WO2016020058A1 - Rectangular seal for sealing a feed-through, in particular for fluids - Google Patents

Abstract

The invention relates to a rectangular seal for sealing a feed-through, in particular for a fluid or a gas, which rectangular seal comprises a sealing body (2), an outer lateral surface (3), two flank surfaces (4a, 4b), and an inner lateral surface (7). According to the invention, the rectangular seal (1) has at least one insertion element (5a; 5b; 25a; 25b), which is provided in a flank surface (4a; 4b) and, proceeding from said flank surface, transitions into the associated lateral surface (3; 7) and which extends peripherally at least along a part of the periphery of the sealing body (2).

Description

 Rectangular seal for sealing a bushing,

 especially for fluids

description

The invention relates to a rectangular seal for sealing a passage, in particular for fluids, having a sealing body, an outer circumferential surface, two flank surfaces and an inner circumferential surface.
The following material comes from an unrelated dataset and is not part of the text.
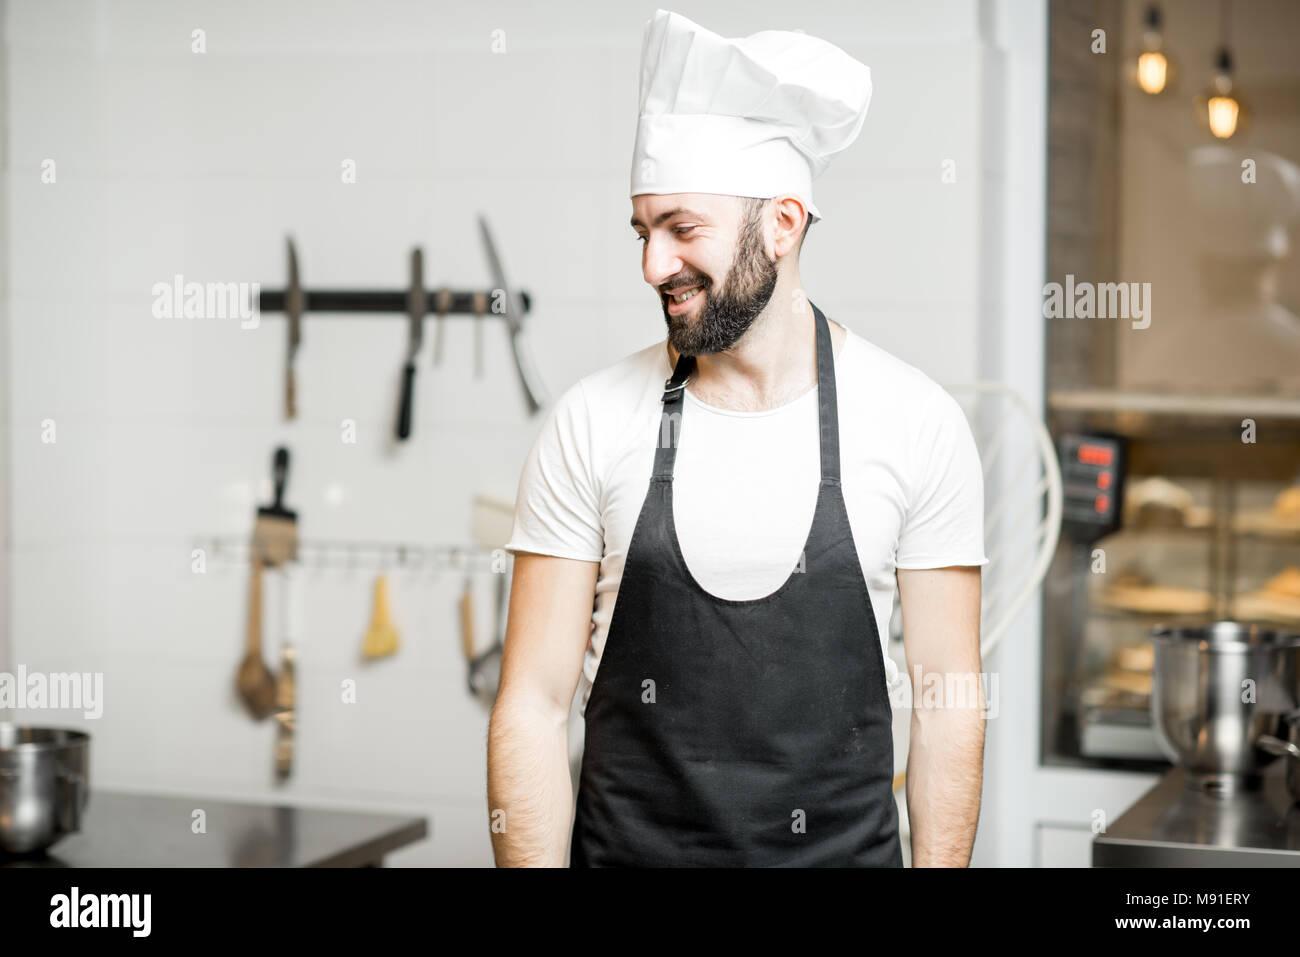 Chef cuisinier à la cuisine Photo Stock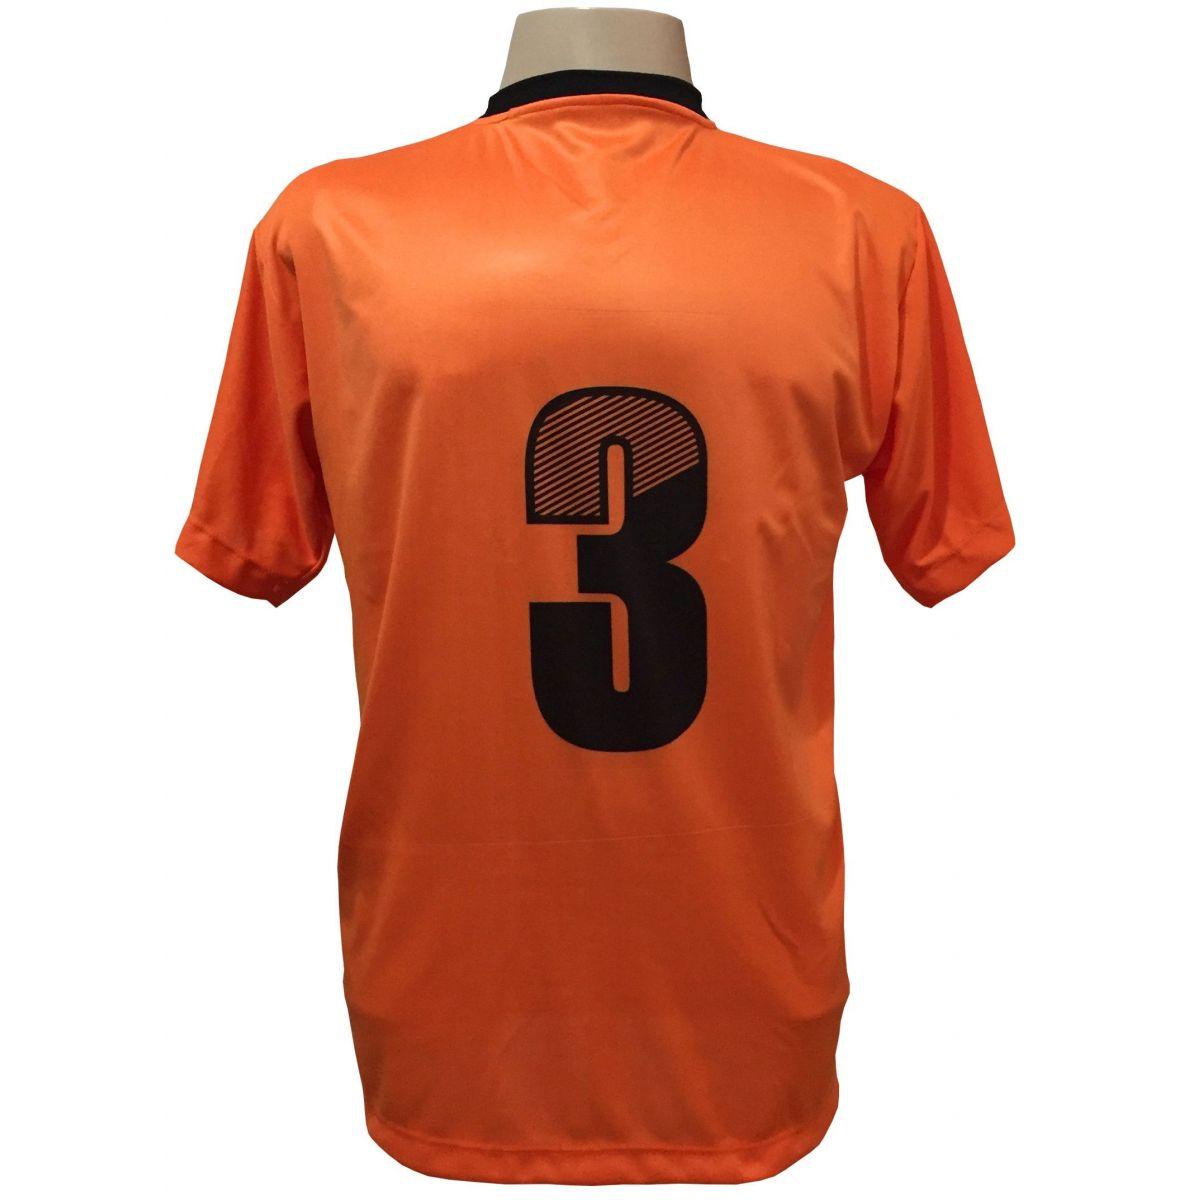 Jogo de Camisa com 20 unidades modelo Roma Laranja/Preto + 1 Goleiro + Brindes

Such a rectangular seal is well known and is used in a sealing arrangement for sealing a passage, in particular a rotary feedthrough for fluids between two components, in particular a shaft and a housing. The shaft has at least one groove for receiving

CONFIRMATION COPY the rectangular seal on. For mounting the shaft in the housing, the shaft is inserted together with the rectangular seal received in its groove in a rotary guide of the housing or the housing is pushed onto the already pre-assembled shaft. There is thus a relative movement between the shaft and the housing. In the assembled state, the lateral surface of the rectangular seal inserted in the groove of the shaft abuts the inner wall of the passage of the housing and thus seals the sealing gap located between the shaft and the inner surface of the rotary union. For this purpose, the rectangular seal must be beyond the surface of the shaft, so that the sealing gap located between the shaft and the housing can be sealed by the sealing contour and / or the sealant of the rectangular seal.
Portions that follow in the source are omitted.